Unsurprisingly, perhaps, the discussion did not rest long as the December 1937 issue included an article called “Youth and Circumcision,” which was written by Reader. The author speaks from the perspective of experience noting, “having been greatly benefited by the operation from both a physical and psychical point of view, I feel that I am qualified to give other readers some facts on the subject,” and the author contends, “I do not feel that the later article ‘Circumcision, Pro and Con’, in the October issue has dealt enough with the ‘pro’ side of the issue” (Reader, 1937, p. 240). In particular, the author notes that after being circumcised he was “no longer ashamed to appear nude before other men, and I was left with a cleaner and more comfortable feeling” (p. 241).
One final article appeared in the 1930s, “The When and Why of Circumcision” by Wood, M.D., who notes that “while circumcision of the male is recognized by all authorities to be beneficial in several ways, it has not appeared to the author that the operation is universally demanded” (Wood, 1938, p. 22). Thus, the author provides several reasons for circumcision, noting that “there can be no objection to universal circumcision of the male if it is properly done, and at not too tender an age” (p. 23).
Over the course of the 1930s, then, various articles appear in circumcision articulating both the advantages and disadvantages of the procedure. The general opinion in these articles would largely focus on its benefits rather than its potential harms. As is to be expected, these articles follow a heteronormative perspective, for instance, Neuwelt (1936) speaks of “‘venereal warts’ (contracted through sexual intercourse with a woman infected with gonorrhea or syphilis)” (p. 247).
Ongoing Debates: “Shall I be Circumcised?”

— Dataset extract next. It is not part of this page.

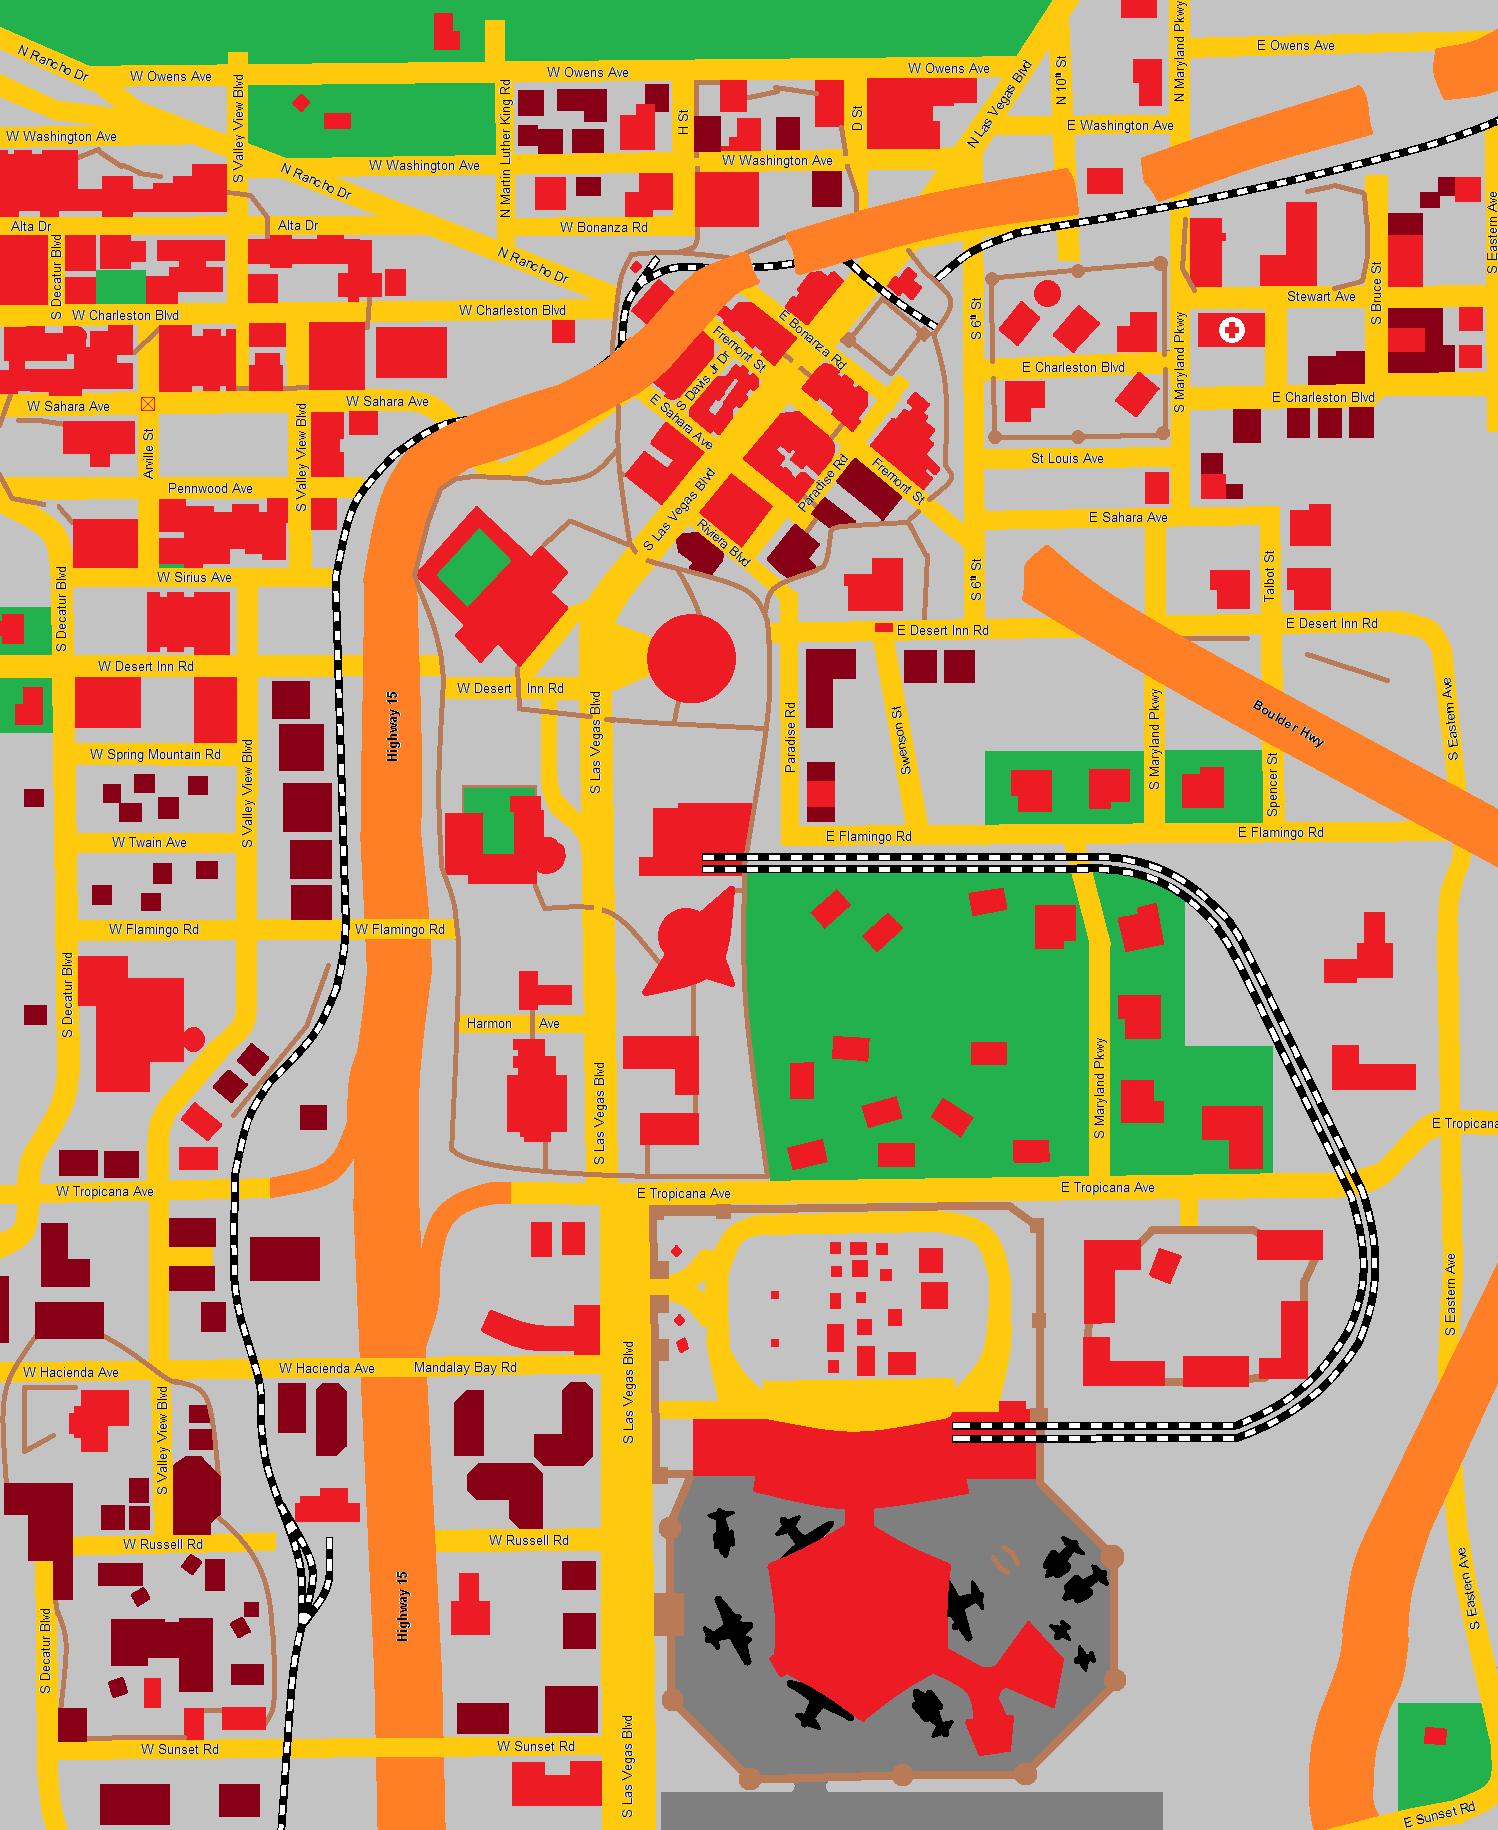 Fallout New Vegas Karte Mit Allen Orten Deutsch.New Vegas Markierte Orte Fallout Area
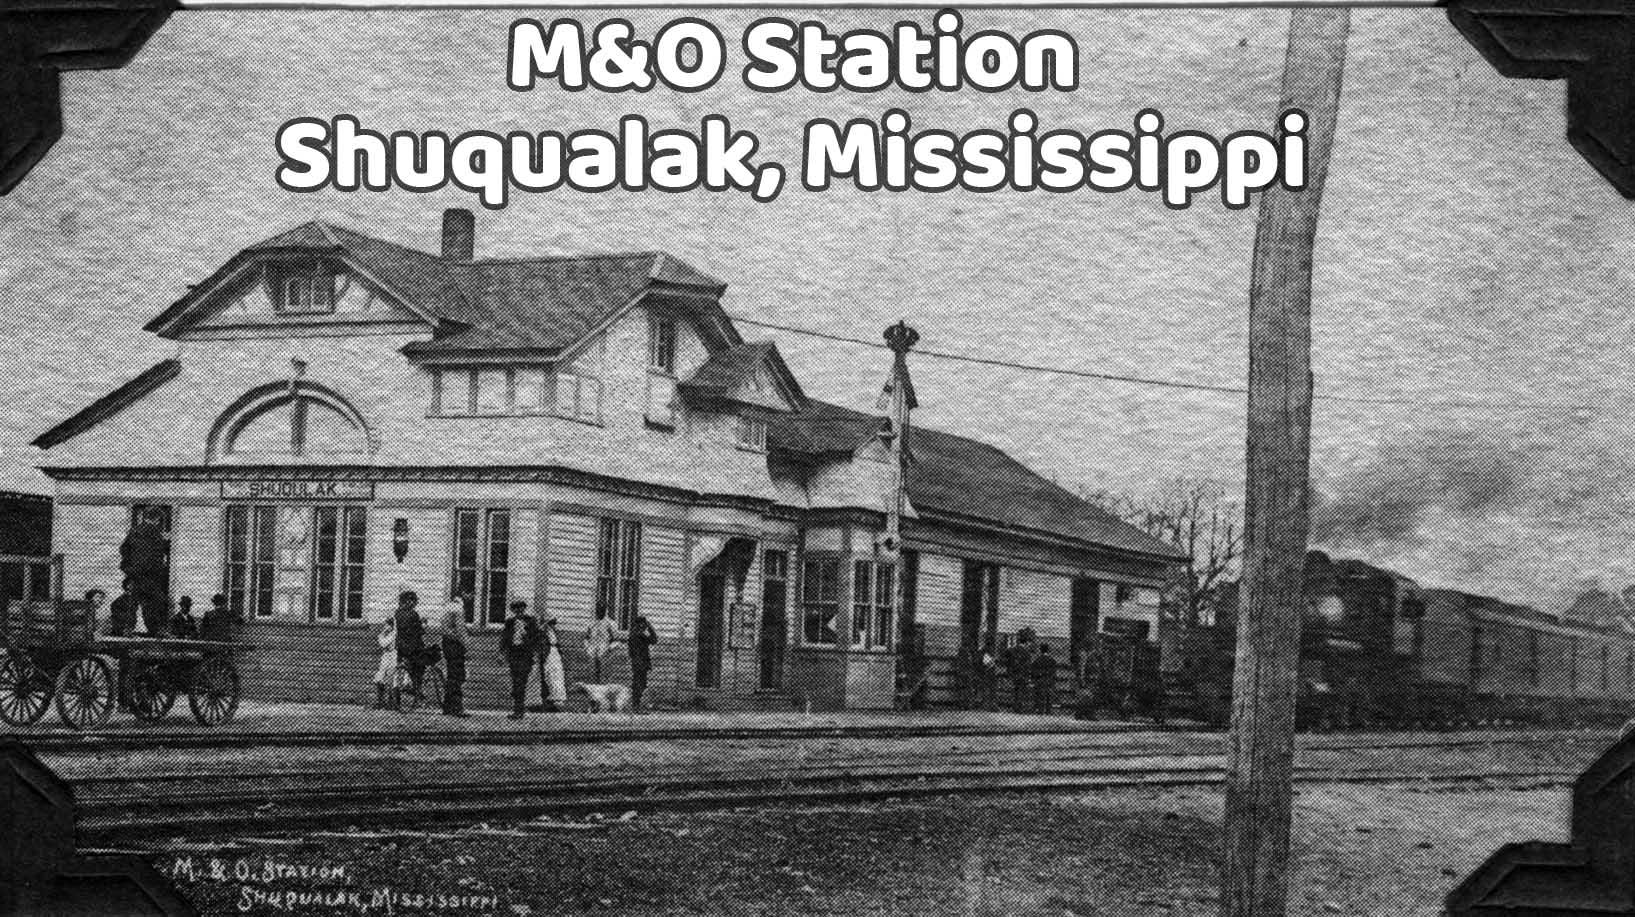 M & O Rail Station in Shuqualak, Mississippi

If the early debates were more general about circumcision, speaking in terms of benefits and harms, the ongoing debates shifted to more personal and introspective questions. The March 1942 issue of Sexology included an article titled “Shall I Be Circumcised” by Pugh, B.S., M.D., a urologist in New York City. This article begins anecdotally, An Italian woman called to see me, regarding her little boy, aged two years. “It is terrible!” said she, “when the boy makes water, he gets so big like a toy balloon and he smells very bad. Please, doctor, give him a good pill.” When I looked at the boy, his foreskin opening was like a pin-point. There was but one answer—the boy must be circumcised. The mother departed and soon returned with her husband. When I explained things to the father, he turned to me and said, “Doctor, I am a good Christian and you cannot make my boy a Jew!” (Pugh, 1942, p. 31)
This is a telling example, perhaps indicative of its time, for one cannot help but note the anti-Semitism apparent here. Circumcision is indicative of Judaism alone. Even though circumcision had been medicalized, it was still, in this woman’s mind, a Jewish operation. Strikingly, however, there is another reading that needs to be noted, that is, the parents are ethnically and likely religious othered, as well. This may, in some ways, remind readers of the earlier more sensational articles with the anthropological turn that relies on an othering narrative. In this case, the other is two-fold, firstly, on a woman, and then secondly on an Italian woman in a largely Anglo-Saxon Protestant context. Of course, her anxieties are not unique to Italian women, but rather, she becomes a vehicle through which to explore a more common concern—being a good Christian, which for most, did not require circumcision, a ritual tied to Jewish culture, dating back to Abraham, as many of the articles have noted.
But beyond this, the author also introduces his readers to balanitis, which is the concern for the “little boy.” Additionally, readers will be introduced to phimosis, another medical condition, which requires, we are told, circumcision. Pugh (1942) is clear, however, that even though this may be a “trivial operation,” as one person put it to him, he insists, “the procedure should be carried out by a competent and professional surgeon and even then, accidents may happen” (p. 33). However, in a sense, Pugh never quite answers the question for the reader who may well be asking about his own circumcision status. Much of the article focuses on infants and toddlers, ultimately Pugh (1942) concludes, “I should just like to emphasize the fact, that while circumcision is a very minor operation in the infant, it must not be taken lightly in the adult” (p. 34).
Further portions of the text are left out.